Reputation: 1015
I have a tab delimited text file (animals.txt) with five columns:
302947298 2340974238 0 0 cat
345098948 8345988989 0 0 dog
098982388 2098340923 0 0 fish
932840923 0923840988 0 0 parrot
I have another file, mess.txt.gz, which is compressed using GNU zip (.gz file). It basically looks like a massive string of letters:
sdihfoiahdfosparrotdhiafoihsdfoijaslkdogoieufoiweuf
Basically, for every line in the tab delimited text file, I want to see if any of the animal names are present within this .gz file.
Ideally, it would return something like this:
302947298 2340974238 0 0 cat no
345098948 8345988989 0 0 dog yes
098982388 2098340923 0 0 fish no
932840923 0923840988 0 0 parrot yes
At the moment I am doing the following:
gunzip -cd mess.txt.gz | grep cat
gunzip -cd mess.txt.gz | grep dog
To automate it, I've tried the following:
cat animals.txt | awk '{print $5}' > animal_names.txt
cat animal_names.txt | while read line
do
gunzip -cd mess.txt.gz | grep $line > output.txt
done
I've also tried:
cat animal_names.txt | while read line
do
if [ gunzip -cd mess.txt.gz | grep $line ]
then
echo "Yes"
else
echo "No"
fi
; do
done > output.txt
What is the best way to do this in bash?
Upvotes: 3
Views: 1290
Reputation: 2562
Many nice answers here, and a very good one from @triplee.

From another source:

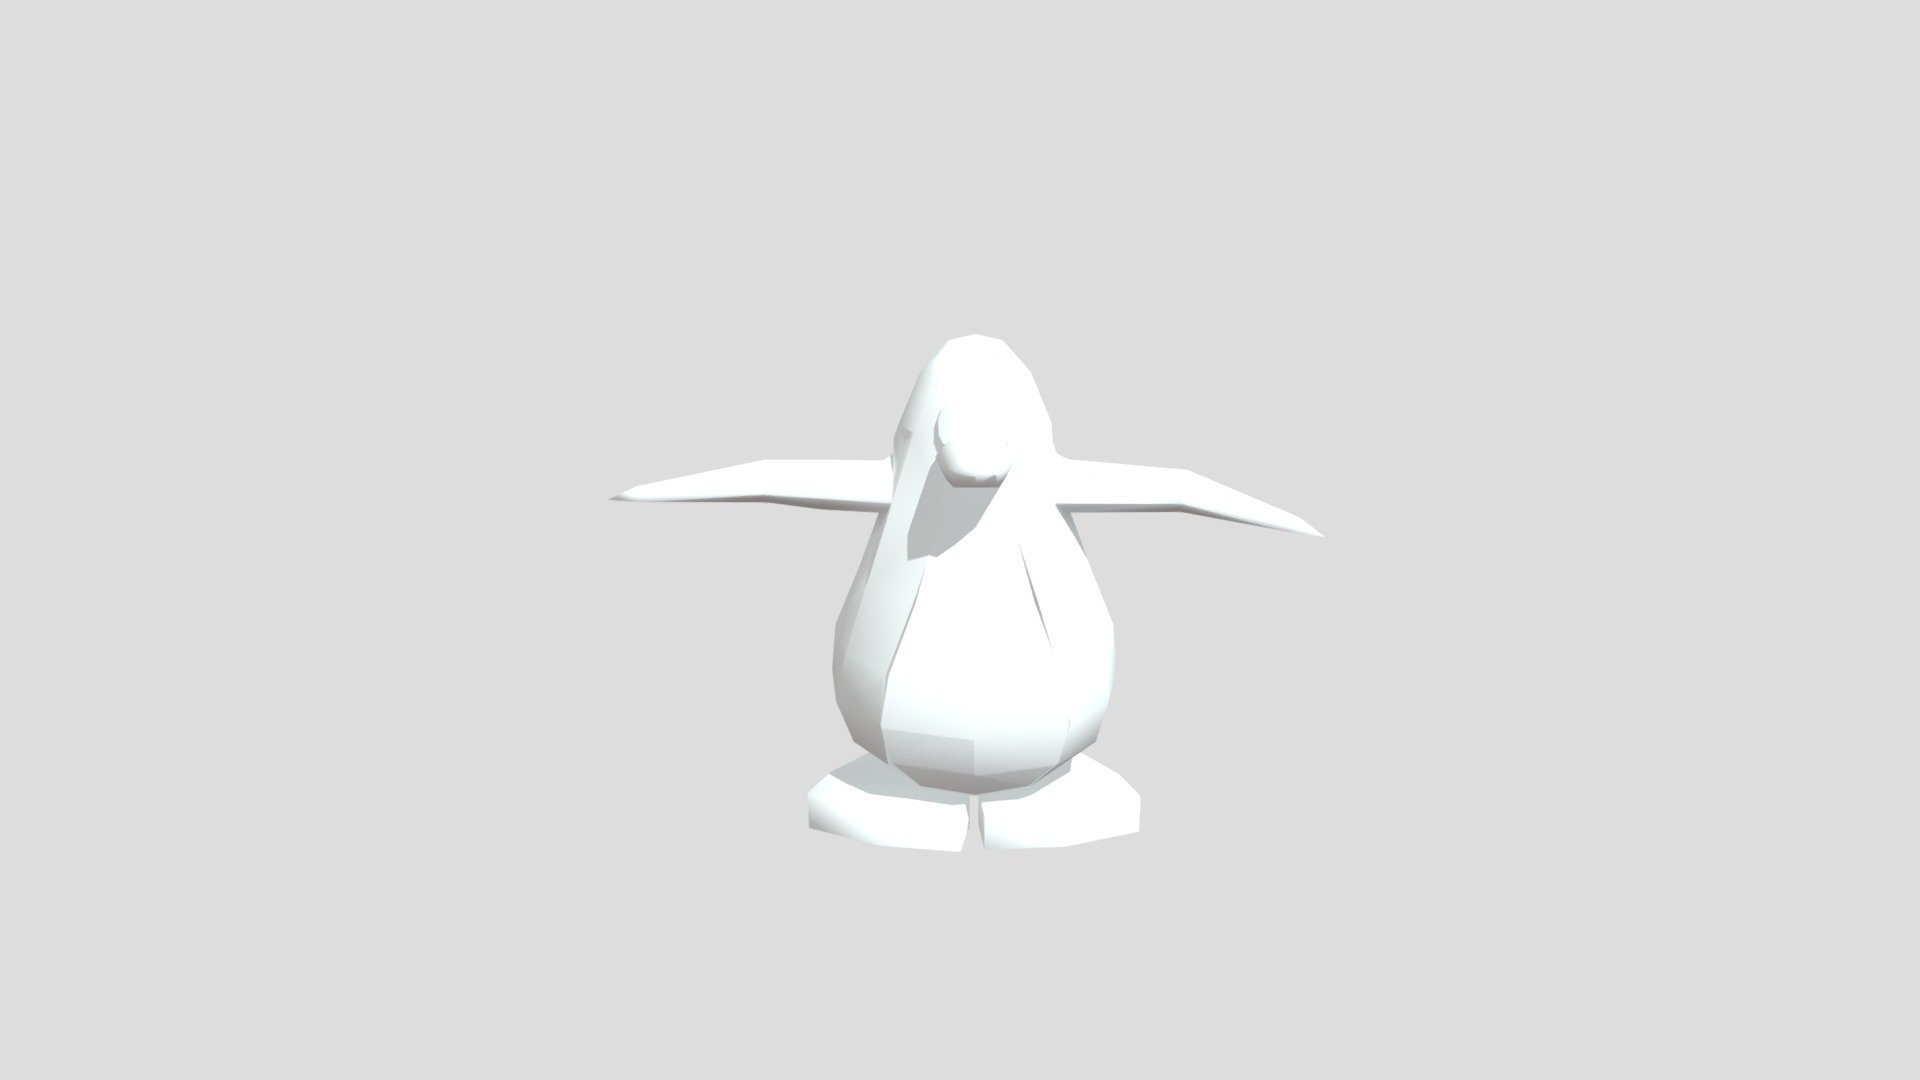 Penguin (Club Penguin) - Download Free 3D model by timeforrick  (@timeforrick) [646e334]

Just adding the 'in memory' bash way :
#!/bin/bash
search() {
local patterns="$2"
local string="$(gunzip -cd $1)"
while IFS= read -r line; do
local pattern="${line/[^$'\t']*$'\t'/}"
local suffix="no"
[ "${string/${pattern}/}" != "${string}" ] && suffix="yes"
echo "${line} ${suffix}"
done < "${patterns}"
}
search mess.txt animals.txt
The goal here is to limit I/O, one read from the gziped mess.txt, one read from animals and match in memory with strings patterns.
Upvotes: 1
Reputation: 28416
What about this?
gunzip -cd mess.txt.gz | grep "$(< animals.txt sed -e 's/.*\t//' | sed -z 's/\n/\\|/g;s/\\|$//')"
It is basically the version of your
gunzip -cd mess.txt.gz | grep dog
where, instead of dog
, the regex dog\|cat\|whatever
is generated from the file animals.txt
.
My command should give you the output that you get with the example you write after
To automate it, I've tried the following:
with which you don't end up with the result you refer to as ideal.
Upvotes: 1
Reputation: 189457
You can pass all the search strings to zgrep -Ff -
in one pass:
cut -f5 animals.txt |
zgrep -Ff - mess.txt.gz
The -F
option says to look for literal strings, not regular expressions (avoids false positives if the input contains dots or other regex metacharacters, and besides, will be significantly faster) and -f -
says to read the search patterns from standard input (i.e. from the pipe from cut
).
If you want a list of the matched animals, add an -o
option and a brief postprocessing step;
cut -f5 animals.txt |
zgrep -Ff - -o mess.txt.gz |
sort | uniq -c
You can replace | uniq -c
with just -u
if you don't care how many there were of each.
This works as intended on Linux with GNU grep
, but macOS (and thus probably generally *BSD) grep -o
only prints the first match in each input line when combined with -f -
. If you need *BSD portability, I'd go with either of the other solutions here (currently there's one for sed
and one for Awk).
Upvotes: 6
Reputation: 785246
You may use this awk
solution with gzcat
:
awk 'BEGIN{FS=OFS="\t"} FNR==NR {s=s $0; next} {print $0, (index(s, $NF) > 1 ? "yes" : "no")}' <(gzcat mess.txt.gz) animals.txt
302947298 2340974238 0 0 cat no
345098948 8345988989 0 0 dog yes
098982388 2098340923 0 0 fish no
932840923 0923840988 0 0 parrot yes
A more readable form:
awk '
BEGIN {FS=OFS="\t"}
FNR == NR {
s = s $0
next
}
{
print $0, (index(s, $NF) > 1 ? "yes" : "no")
}
' <(gzcat mess.txt.gz) animals.txt
Upvotes: 1